Given a orbitalml pipeline, this function generates a SQL query that can be used to execute the pipeline on a database. The generated SQL is compatible with the specified SQL dialect.
dialect
can be any of the SQL dialects supported by sqlglot,
see :class:sqlglot.dialects.DIALECTS
for a complete list of supported dialects.
If optimize
is set to True, the SQL query will be optimized using
sqlglot's optimizer. This can improve performance, but may fail if
the query is complex.
Source code in orbitalml/sql.py
orbitalml.ast
Translate scikit-learn models to an intermediate represetation.
The IR is what will be processed to generate the SQL queries.
orbitalml.ast.ParsedPipeline
An intermediate representation of a scikit-learn pipeline.
This object can be converted to a SQL query and run on a database. In can also be saved and loaded back in binary format to the sake of model distribution.

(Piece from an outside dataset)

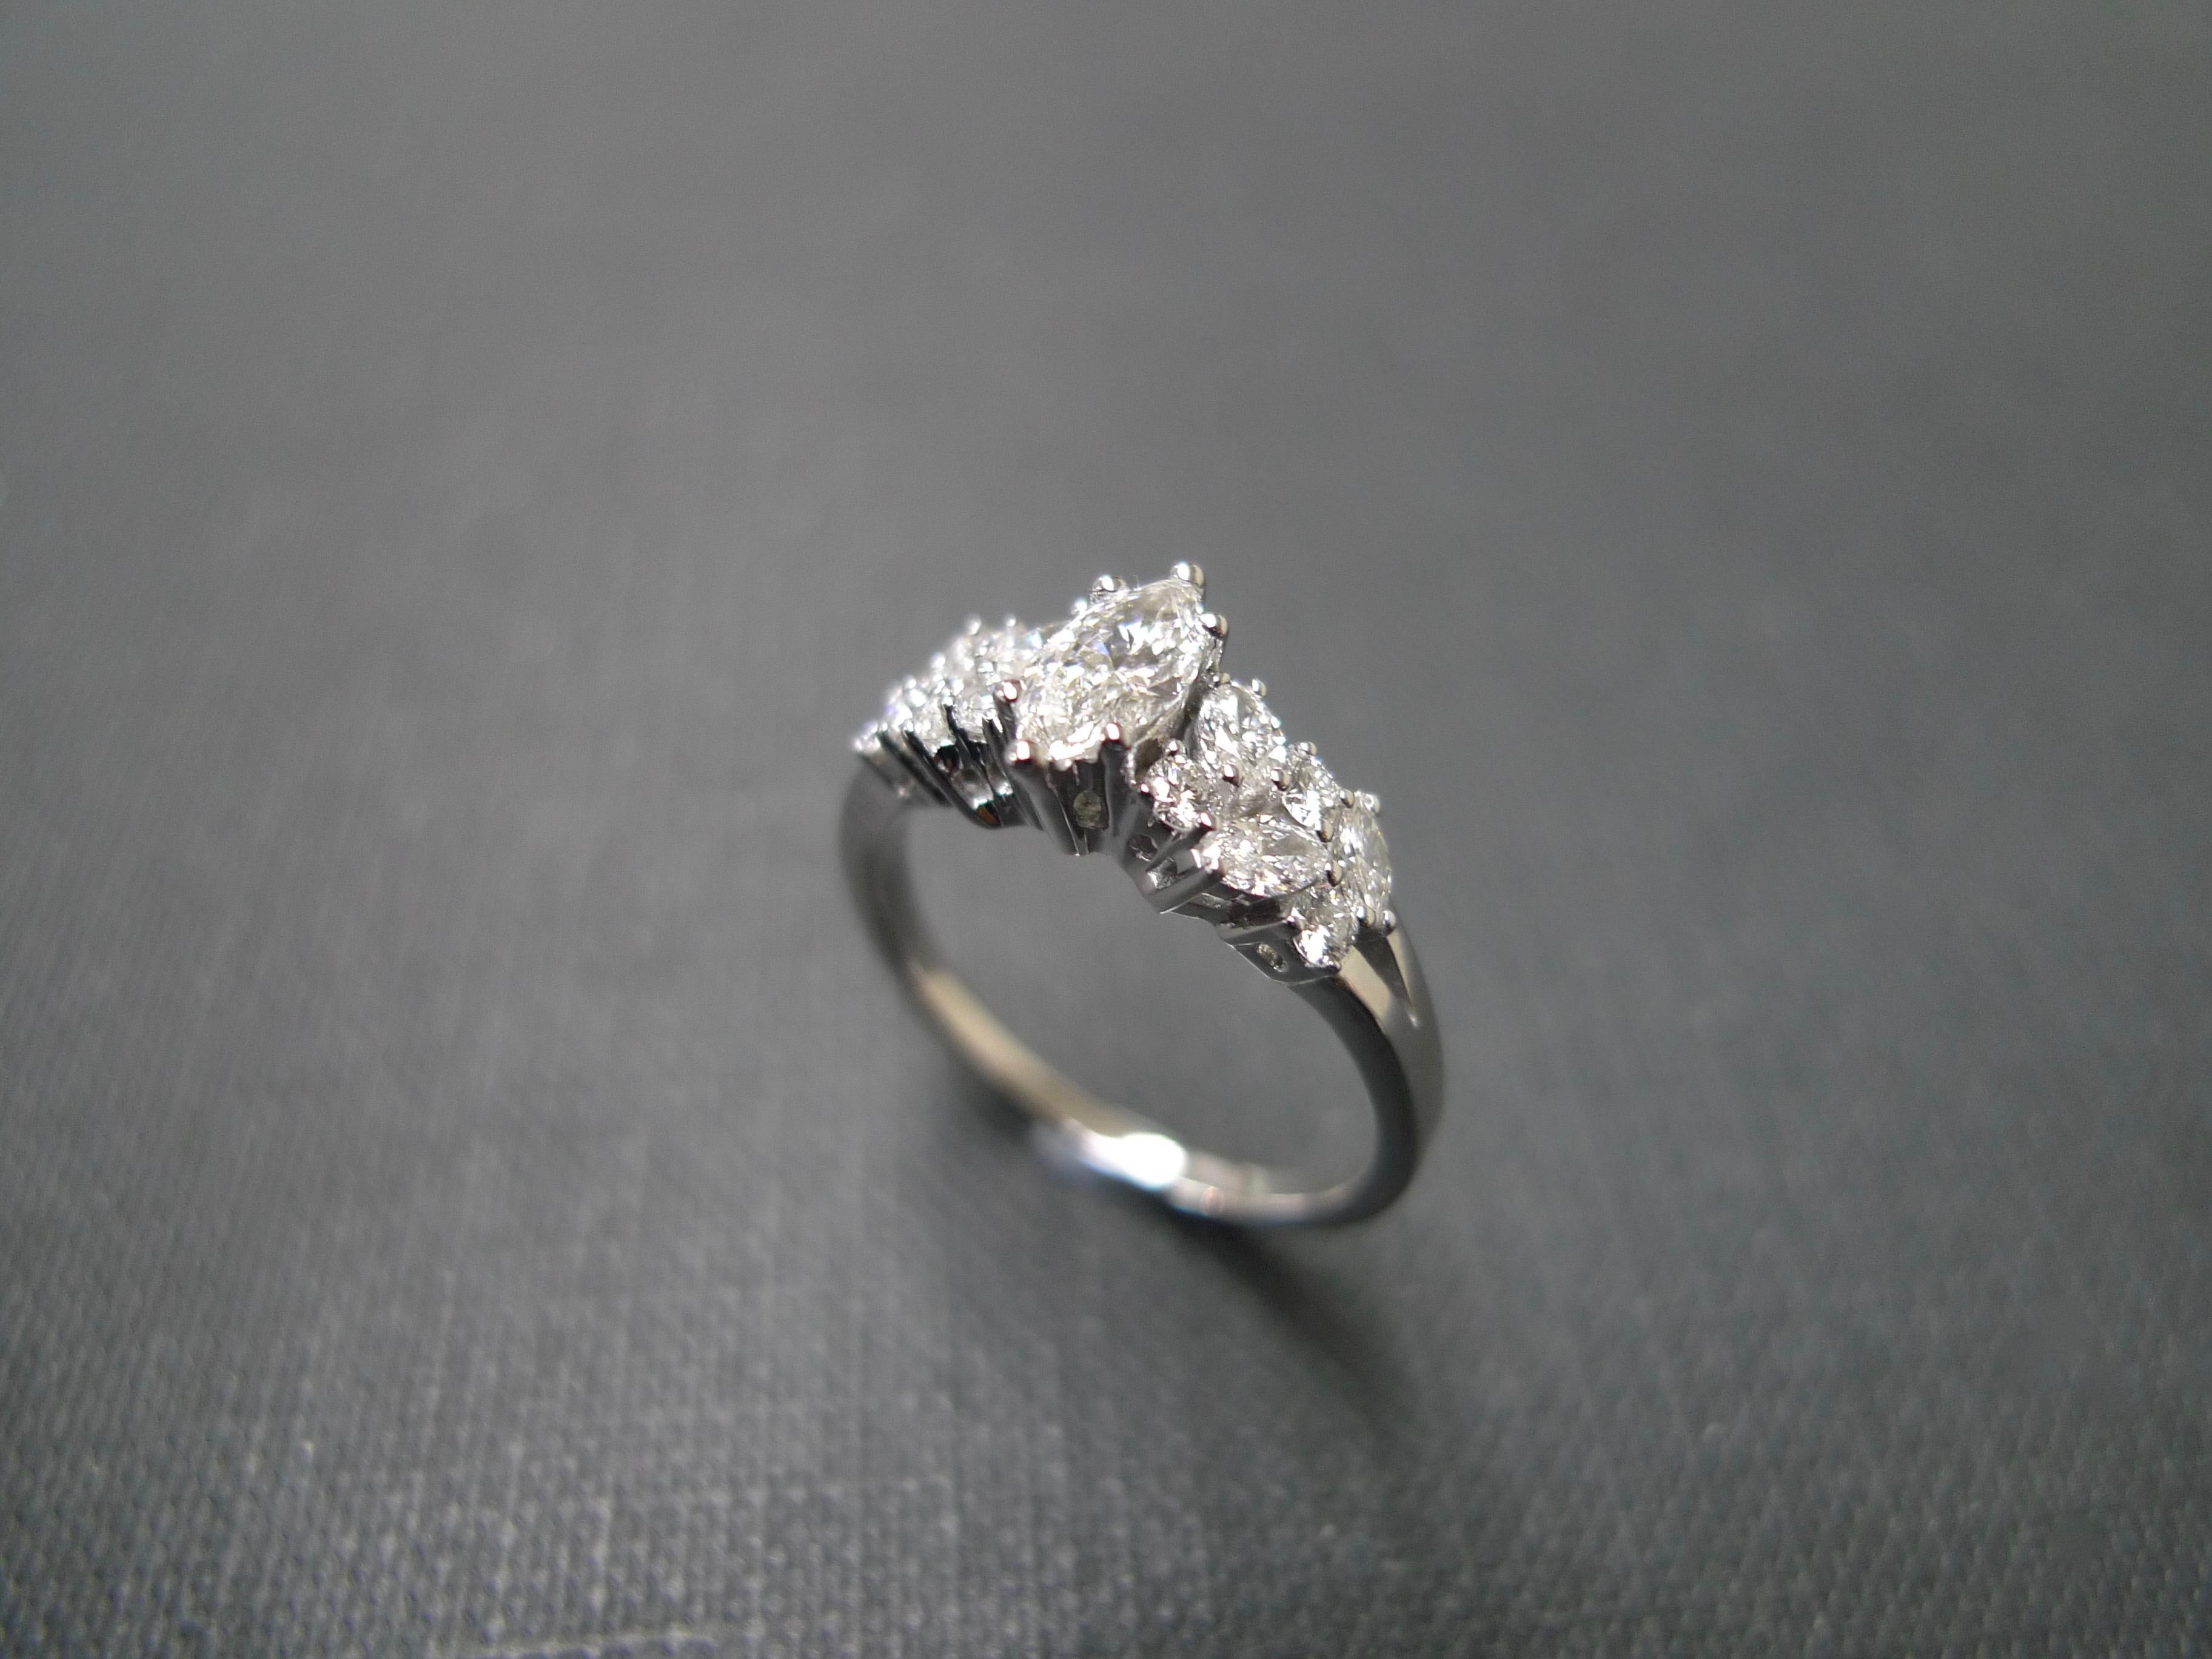 For Sale:  Marquise Cut Diamond Unique Engagement Ring in 18K White Gold with GIA Certified 4

Even though distributing the SQL query is usually more convenient.
Source code in orbitalml/ast.py
__init__
ParsedPipeline objects can only be created by the parse_pipeline function.
dump
dump(filename: str) -> None
Dump the parsed pipeline to a file.
Source code in orbitalml/ast.py
load
classmethod
load(filename: str) -> ParsedPipeline
Load a parsed pipeline from a file.
Source code in orbitalml/ast.py
orbitalml.ast.UnsupportedFormatVersion
Bases: Exception
Format of loaded pipeline is not supported.
This usually happens when trying to load a newer format version with an older version of the framework.
orbitalml.types
Data types of the features processed by models.
orbitalml.types.ColumnType
Bases: ABC
A base class representing the type of a column of data.
Source code in orbitalml/types.py
orbitalml.types.FloatColumnType
orbitalml.types.Float16ColumnType
orbitalml.types.DoubleColumnType
orbitalml.types.StringColumnType
orbitalml.types.Int64ColumnType
Bases: ColumnType
Mark a column as containing signed 64bit integer values
Source code in orbitalml/types.py
orbitalml.types.UInt64ColumnType
Bases: ColumnType
Mark a column as containing unsigned 64bit integer values
Source code in orbitalml/types.py
orbitalml.types.Int32ColumnType
Bases: ColumnType
Mark a column as containing signed 32bit integer values
Source code in orbitalml/types.py
orbitalml.types.UInt32ColumnType
Bases: ColumnType
Mark a column as containing unsigned 32bit integer values
Source code in orbitalml/types.py
orbitalml.types.Int16ColumnType
Bases: ColumnType
Mark a column as containing signed 16bit integer values
Source code in orbitalml/types.py
orbitalml.types.UInt16ColumnType
Bases: ColumnType
Mark a column as containing unsigned 16bit integer values
Source code in orbitalml/types.py
orbitalml.types.Int8ColumnType
Bases: ColumnType
Mark a column as containing signed 8bit integer values
Source code in orbitalml/types.py
orbitalml.types.UInt8ColumnType
Bases: ColumnType
Mark a column as containing unsigned 8bit integer values
Source code in orbitalml/types.py
orbitalml.types.BooleanColumnType
orbitalml.types.guess_datatypes
guess_datatypes(dataframe: Any) -> FeaturesTypes
Given a DataFrame, try to guess the types of each feature in it.
This procudes a :class:.FeaturesTypes
dictionary that can be used by
parse_pipeline to generate the SQL queries from the sklearn pipeline.
In most cases this shouldn't be necessary as the user should know on what data the pipeline was trained on, but it can be convenient when experimenting or writing tests.